Poe had some good stuff you could use. A bust of Pallas Athena discovered in the house of a raving widower, or a hand-cut raven's feather used to write the poem by the same. The trowel used to wall someone up, either from the Black Cat or the Cask of Amontillado. An heirloom from the House of Usher, such as a set of silverware, a mirror, a doorknob, candlesticks, a decanter, etc.
Orange hairs or an old straight razor found in Paris, France during the Rue Morgue murders (Murders in the Rue Morgue).

Lovecraft naturally provides museum-quality props. There's the Necronomicon (which everyone tries to do as skin-covered with a face, but that is a trope from the second and third Evil Dead films, not Lovecraft) but there were other old grimoires mentioned by him like Pnakotic Fragments (likely tablets with alien cunieform), Der Vermis Mysterii, etc. These were invented by other authors, friends of Lovecraft, and he used them with their blessings in his work.
There are Cthulhu idols, either made of stone found in Louisiana, or small wooden totems found in the Arctic used by Inuit tribes, the Cthulhu bas-relief tablet in clay made by the artist in the story "The Call of Cthulhu".
There is weird gold jewelry provided by the Deep Ones in Innsmouth, the Hound talisman from the cannibal cults of Leng, or a copy of The King in Yellow, a play that is rumored to drive whole civilizations mad.

Stephen King has some goodies. A strip of bloodstained seat lining from a destroyed 1958 Plymouth Fury (Christine). You'll need to google and see if what sort of material was used for lining the seats of that particular model. I imagine it would be easy enough to find scraps of similar material in any auto junkyard.
Acidic webbing collected from Bridgton, Maine after the Arrowhead Project Incident (The Mist).
A barglass etched with the logo of the Overlook Hotel (The Shining).

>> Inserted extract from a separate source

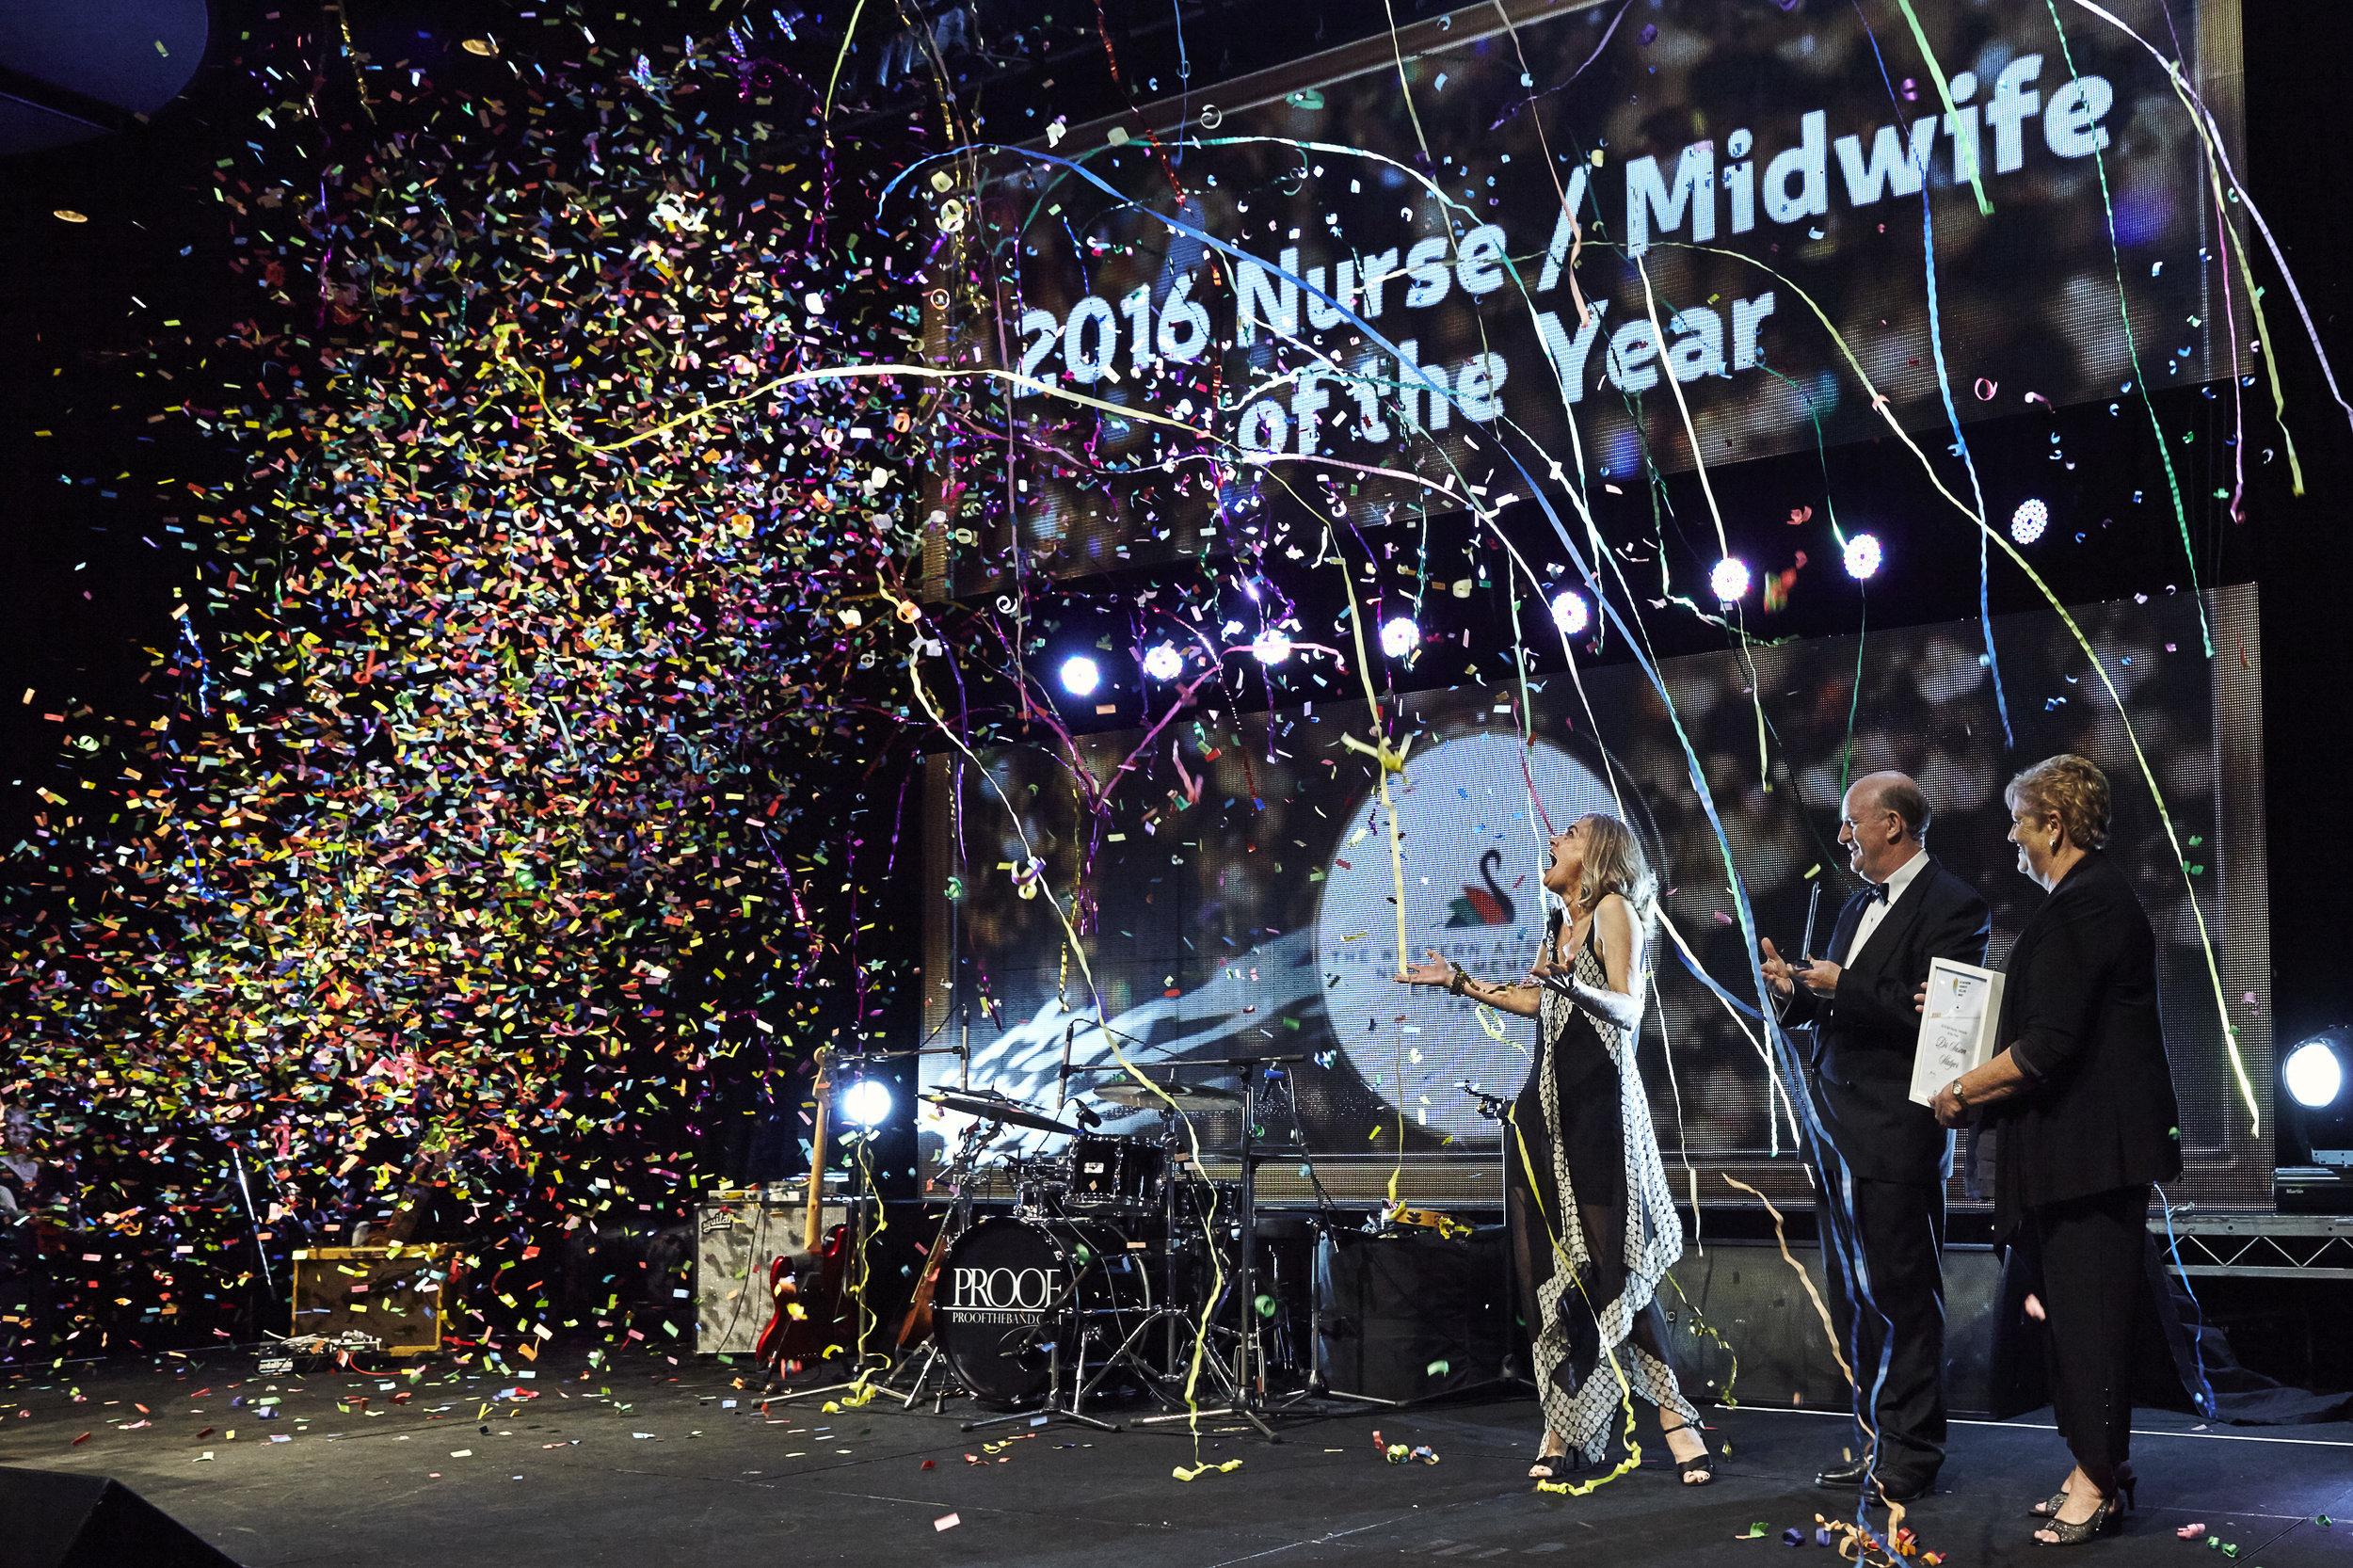 Susan Slatyer, 2016 Nurse/Midwife of the Year

Glass etching is easy, and a logo would be easy enough to design.
Unusual soil sample from a Micmac burial site near Ludlow, Maine (Pet Semetery)

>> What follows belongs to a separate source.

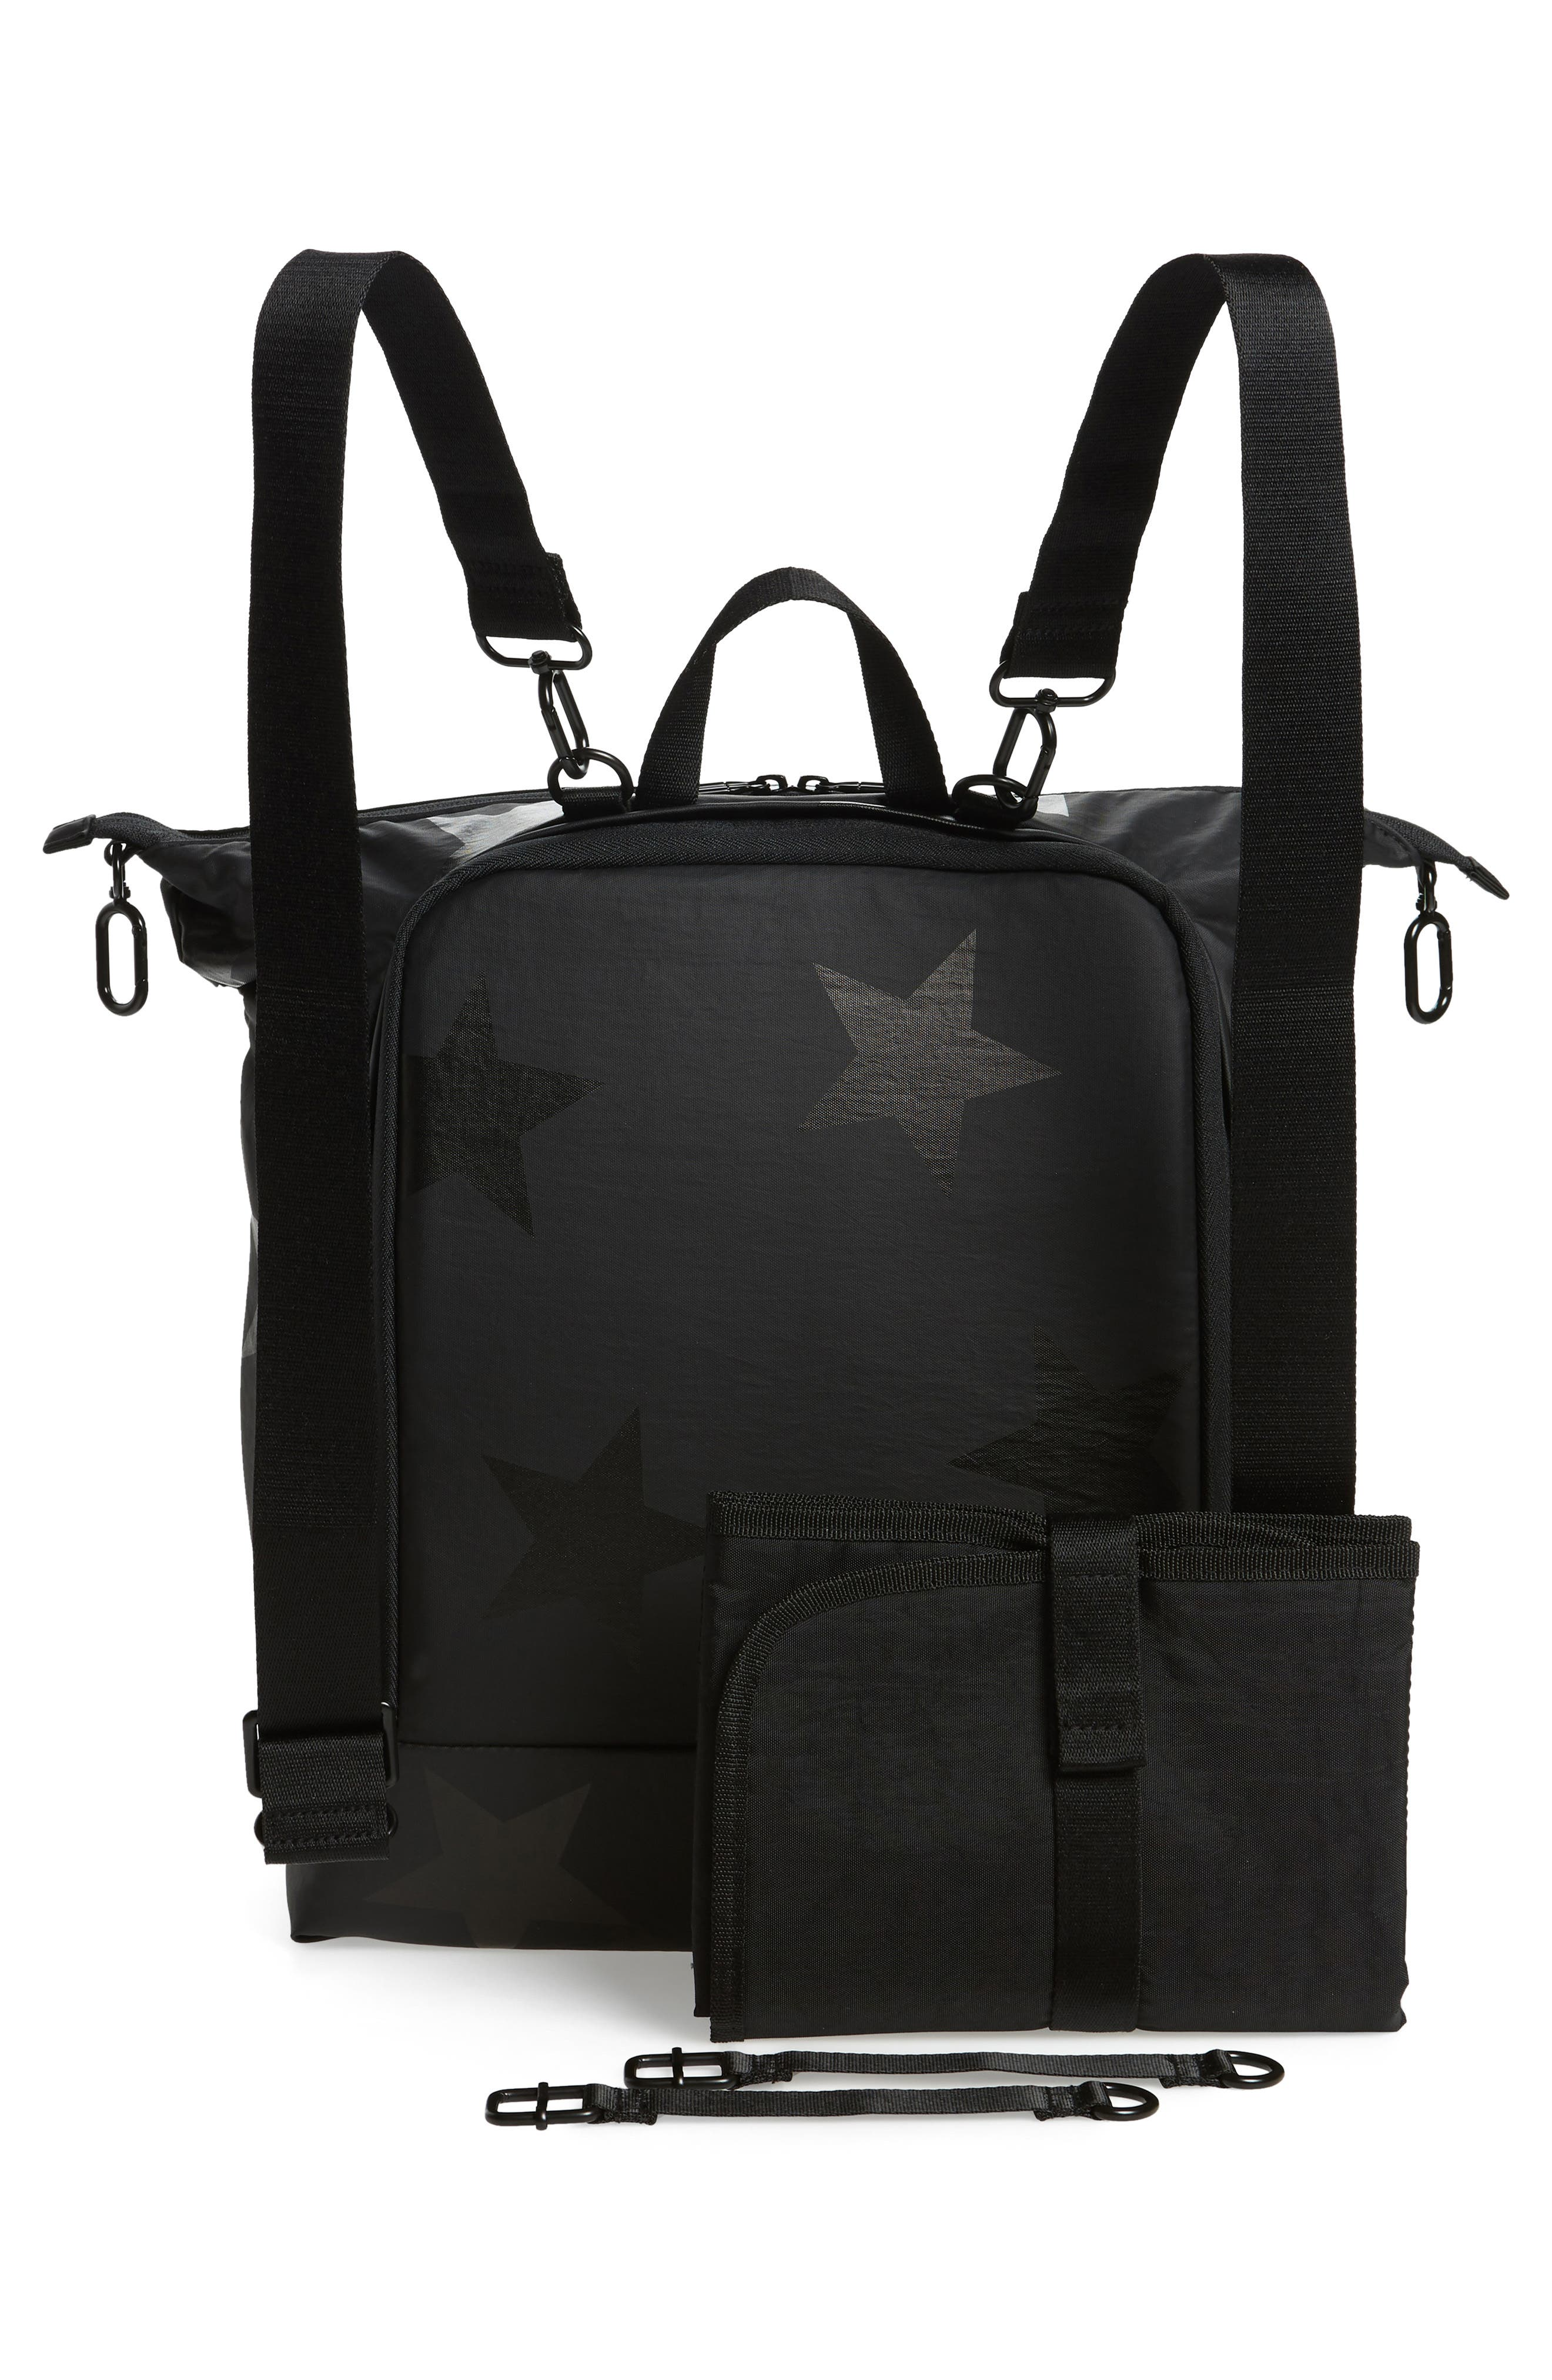 +one duo Nylon Convertible Diaper Bag,                             Alternate thumbnail 3, color,                             BLACK STAR

As for the cauldron? "Thought to be the first example of a cast iron pot ever found in Europe, specifically dated to the early medieval period between the 8th and 11th centuries. During this period, iron cast containers are essentially absent from the historic record, since most iron objects were formed in the forge by hand. Mold casting would not be used for finished items larger than small findings or tools until the 16th century - thus making this item a true historic mystery. Found in a large cavern near Brodie, Scotland, just outside of Forres, within a few yards of the so-called "MacBeth's Hillock", It appears to have been used for either disposal of refuse or ritual purposes and not the preparation of food, as scapings taken from the interior indicate."


----------



## BR1MSTON3 (Jul 31, 2010)

This would be cool in that kind of setting;

http://pinterest.com/pin/213991419766228161/


----------



## pumpkinking30 (Aug 27, 2012)

Do you have a _Ripley's Believe it or Not_ near by? A visit to one of those always gives me inspiration. You could also check out this article on Doombuggies.com that tells about an idea for a "Museum of the Weird" that Walt Disney and the Imagineers had for the Haunted Mansion when it was still planned as a walk-through attraction. There are a few concepts pictures, but nothing finished, since this idea was ultimately thrown out when it became a ride. (this site also has a wealth of other cool Haunted Mansion stuff as well, but that's off topic)


----------



## The Auditor (Apr 2, 2006)

Spats said:


> First concerning Van Helsing's kit - in the original novel, a stake was not used on the Count, but two knives, belonging to Jonathan Harker and Quincy Morris. They killed him together. Harker sheared through his throat (decapitation) with a Kukri knife while Morris plunged his Bowie knife into the Count's heart, at which point he crumbled into dust. Dracula fans will know this, so just a heads up.[/QUOTE}
> 
> Kukris are easy to find and cheap.
> 
> ...


----------



## BlueFrog (Oct 20, 2009)

*LizzyBorden*, having never seen House of 1000 Corpses it was completely off my radar for this haunt, but it sounds like it will be a fertile source of objects. Thanks for drawing my attention to it.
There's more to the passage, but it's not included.